# Deadlifting straps.



## Bri

So guys what difference does it make on deadlifts using straps? Strength wise. Obviously i understand it is very helpful if you have a weak grip as you are attached to the bar.

How much do you guys think it would add to your lift? For example i deadlift 165kg for a single.
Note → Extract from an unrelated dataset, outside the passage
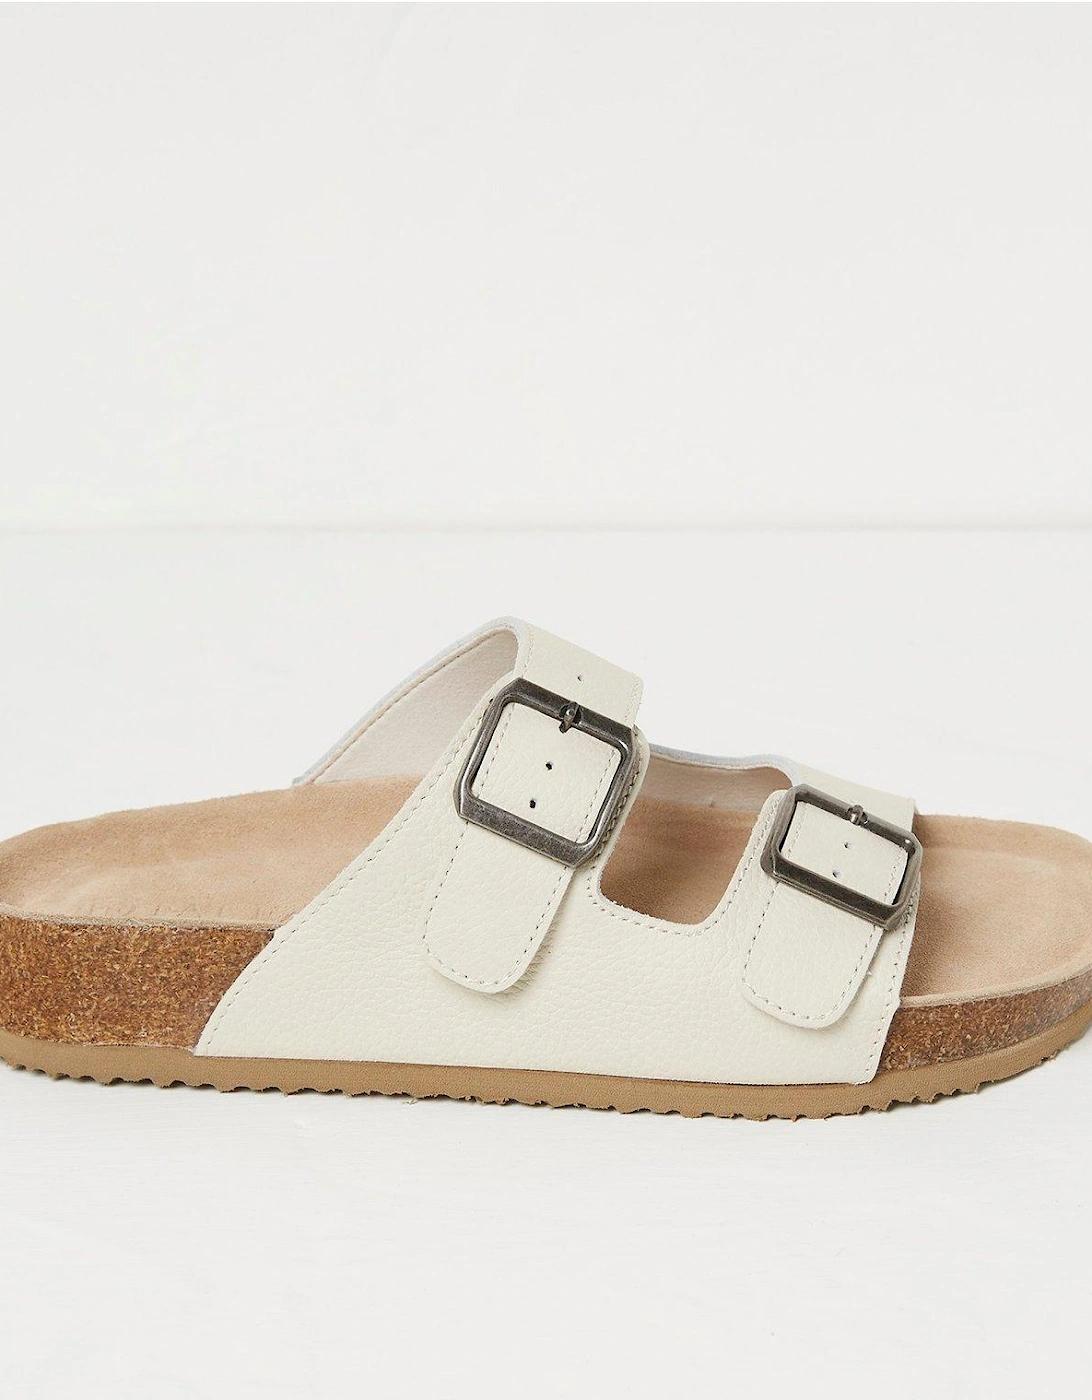 Meldon Footbed Sandal - White, 4 of 3

What would be your educated gues if i were to use straps?

just curious, thanks in advance.


----------



## Aron

300 KG
​


----------



## Bri

Aron said:


> 300 KG
> ​


Are you serious? :confused1:


----------



## Aron

No lol i dont think think it will improve it that much if any at all mate unless you have a terrible grip.


----------



## Seyyed-Merat

are you using mixed grip or overhand grip?

If its mixed, then for me straps dont make a diffrence for singles but they do make a diffrence if you want to eek a few more reps out, just buy some chalk andd change your grip if your looking to lift more for your 1rm.

I have pretty bad grip myself, but I can deadlift 170kg for single no problems using a mixed grip at a bw of 67kg.


----------



## chrisj22

Straps hinder performance, IMO.

If your grips going, get some liquid chalk.


----------



## Seyyed-Merat

chrisj22 said:


> Straps hinder performance, IMO.
> 
> If your grips going, get some *liquid chalk*.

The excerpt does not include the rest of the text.